Integration bridges will always exist
Zapier would be defunct if applications just talked to each other, just like Census and Hightouch would be defunct if applications just pulled directly from the warehouse. While some may say this is the future, there will always be applications that aren’t warehouse native.
A bridge between the warehouse and these applications will need to exist—maybe as its own product, or as a portion of a larger suite of products. Either way, it needs to exist.
As a child, every summer my family went to Cape Cod and traveled over Bourne Bridge to get there. There’s traffic on almost every bridge I can think of, and in this case it was a necessary evil to get to the best beaches in the Northeast3.
To get back to my original questions:
Snowflake’s releasing new apps, huh?
Will data activation/reverse ETL/[your name of choice here] become redundant?
Snowflake’s expanding set of tools and warehouse-native apps are making the claim that integrations aren’t a necessary evil. The traffic in this analogy is more potential points of failure introduced when moving data through yet another tool.
Across teams there will always be more than one tool used—someone needs to integrate with it in a scalable way where complexity and errors don’t grow exponentially. Even if we reduce the number of bridges, there will always be water and some will have to exist. And I will continue loving Cape Cod.
Thanks for reading! I talk all things data and startups so please reach out. I’d love to hear from you.
And also transforming it, but moving data between tables nonetheless.
Use your imaginations that Zapier could easily build a comparable integration to Snowflake/Redshift/BigQuery if they wanted to.
Really, this is what you’re contending with?

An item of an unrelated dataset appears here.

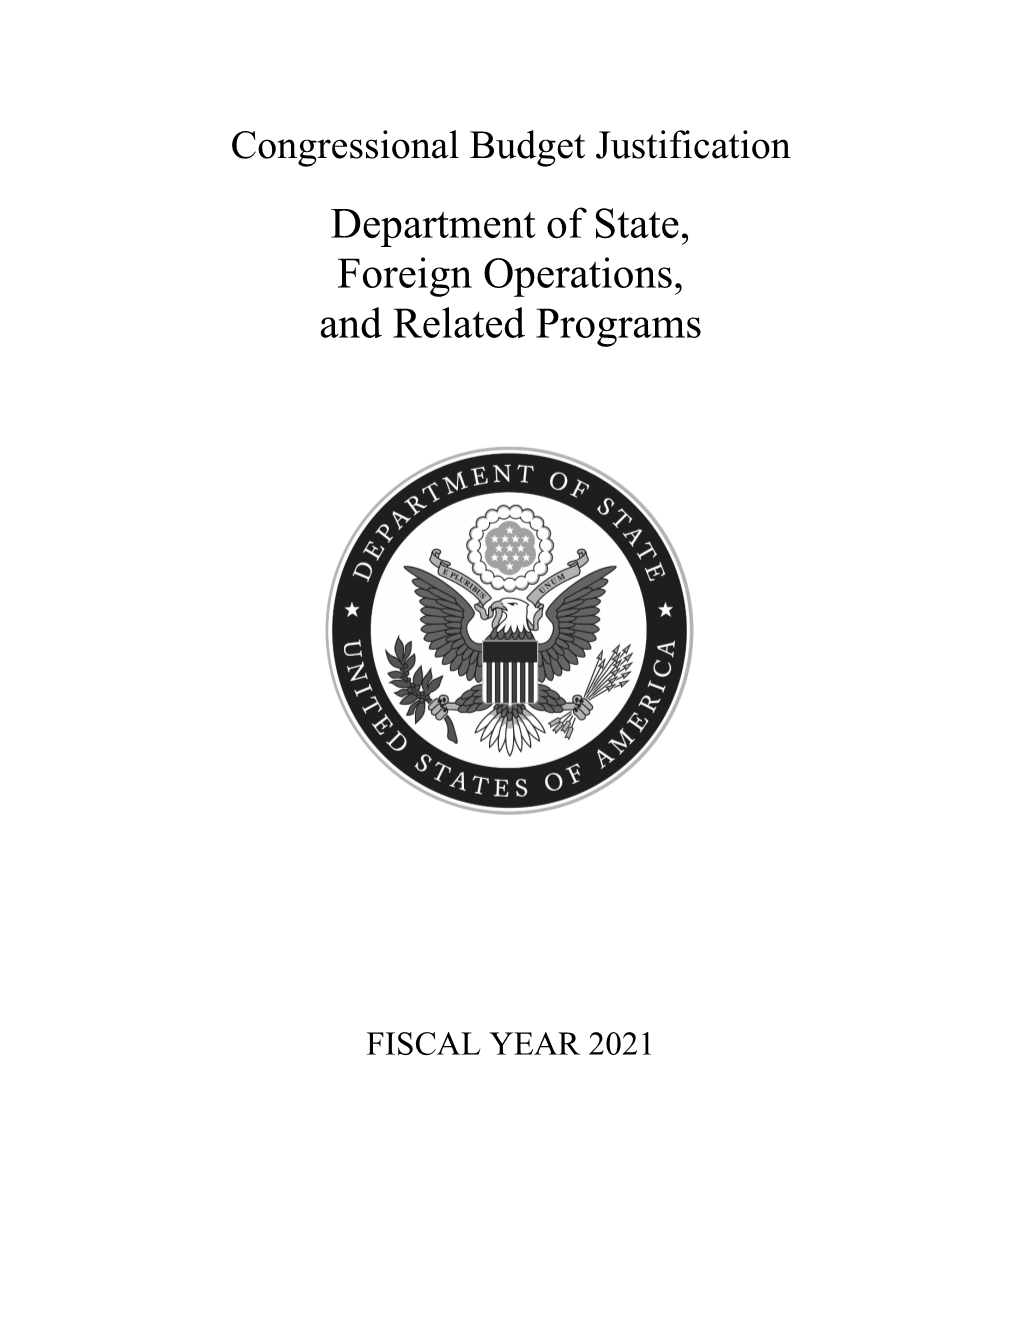 Department of State, Foreign Operations, and Related Programs

During my time at Integromat (Make), I have seen so many great use cases of Data Activation. And believe it or not, the most common sources have always been database tools -- from the likes of Google sheets and Airtable to Redshift, BQ, and now Snowflake (Make supports them all). Also, FWIW, a lot of the testing and visibility features offered by rETL tools have long been offered by Make -- unfortunately they're not so obvious to early users.
I've always told people that Integromat is first a data tool and then an integration tool. So yeah, I agree that a LOT of rETL use cases can be taken care of by tools like Make (and Zapier to an extent) -- they (Make etc.) have just missed the opportunity to cater to the needs of data teams.
Definitely interesting to highlight that what the current rETL tools do is very similar to what the IaaS tools have offered for a long time. I've recently used Workato to send data from the warehouse to SFDC and it's pretty great in that regard, full version control (including versioning in git), good user management, etc.
There's definitely a lot the rETL tools can learn from IaaS, and it's clear existing IaaS tools have missed a major marketing trick in jumping into this category as well.